だけどおかしい、眼鏡を外した記憶は無い。
「Ne touche pas... S'il vous plat...」
レンズの下に彼の屈折した指が入り、二重に見える理由を教えて呉れた。
「俺、本当に、倖せだった…」
「うん。」
「嘘でも良かった…」
「うん…」
「悪夢で良かった…、悪夢でも良いから、ずっと夢見てたかった……っ」
「Henri...!」
抱き締められた瞬間、俺は咆哮した。
「御免、御免アンリ…っ」
「謝るなよっ、虚しく為るだけだ…っ」
「愛してた、本当に、本当に好きだった…っ」
「何で、何で…」
何で過去系で云うんだ………!
嫌でも俺達の関係が終わった様に思って仕舞う。
本当は、現在進行形で云って欲しい。今でも「Je t'aime,mon cheri」って云って欲しい。
「やっと…やっと忘れられそうだったのに…」
君が居なく為っても、身体はきちんと君を覚えてる。

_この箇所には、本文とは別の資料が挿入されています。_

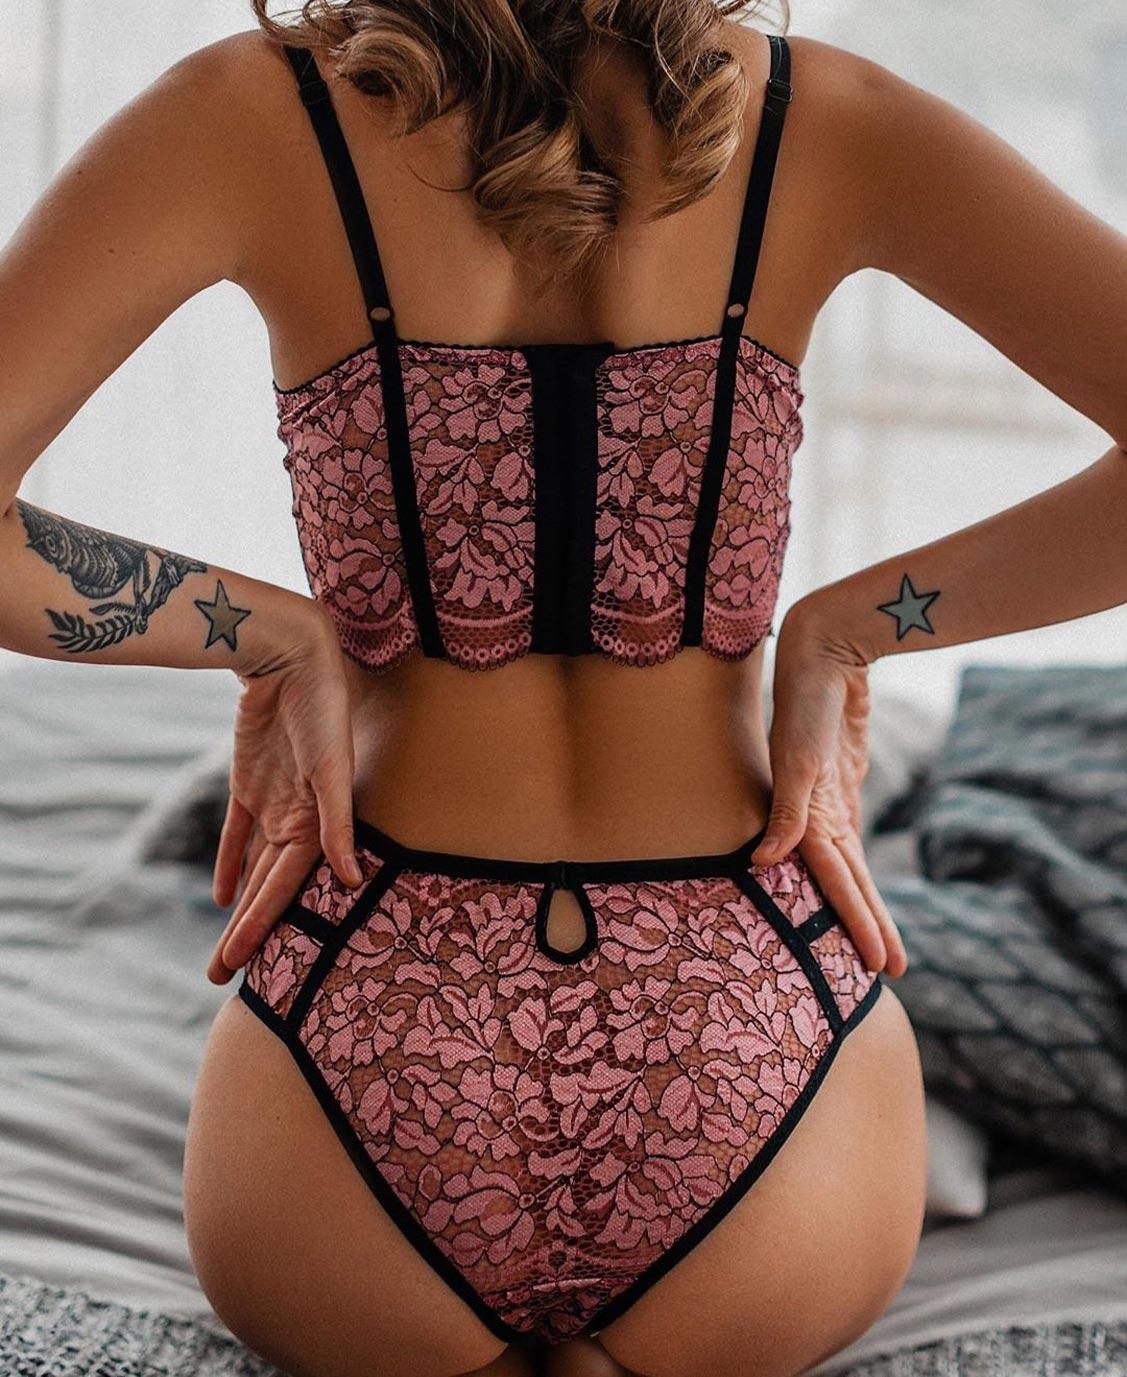 Анастасия Щеглова в нижнем белье торговой марки MissX / фото 06

細胞一つ一つに君が染み込んでる。心が漸くキース一色に為りそうだったのに、君はこうして俺の心を、昔と同じに染め上げる。
君の存在はナイトメア、俺も又、そんな悪夢を夢見てる。
薔薇は朽ちても、存在が無かった事には出来無い。俺達の関係は、そんな感じに蓄積する。